Using natural language processing to detect English idioms in documents.
Link to this repo: https://github.com/drussotto/idiom_detection
All data files are already loaded into this repo in the data/ folder. To generate the data from scratch, follow these steps:
-
Run idiom_scraper.py to create the list of idioms (data/idioms.txt)
-
Run idiom_example.py to retrieve the example sentences of idioms (data/idiom_example.csv)
-
Run tag_*.py (brown, gutenberg, reuters, example) to generate sentences where idioms are tagged (e.g. rank#BEGIN and#IN file#IN)
-
Run build_train_test.py to convert the sentences from the text files into pickle files containing the lists of sentences. [List-of [List-of (word, POStag, idiomTag)]]
The following steps are necessary to perform, as they create files needed for modeling that are too large to be stored on github.
-
Get Google's pretrained Word2Vec file here https://drive.google.com/file/d/0B7XkCwpI5KDYNlNUTTlSS21pQmM/edit.

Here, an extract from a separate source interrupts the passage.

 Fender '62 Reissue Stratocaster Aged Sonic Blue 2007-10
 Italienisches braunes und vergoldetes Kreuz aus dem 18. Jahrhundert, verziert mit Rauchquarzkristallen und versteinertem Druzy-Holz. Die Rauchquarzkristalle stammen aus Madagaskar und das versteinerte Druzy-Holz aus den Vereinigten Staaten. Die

Unzip the .gz file and save it in the data/ folder.
-
Run create_n_grams_freq.py to create pickle files that contain the frequencies of unigrams and bigrams in the train and test data.
-
"Model Testing.ipynb" contains a "grid search" of different possible combinations of using Word2Vec similarity scores, PMI/PPMI similarity scores, and how many words ahead and behind to look at.
-
hyperparameter_tuning.py does a formal randomized grid search to see what the "best" regularization terms are.
-
regularization.py performs more intense regularization in an attempt to drive overly specific features down to zero (the result is never predicting the presence of an idiom)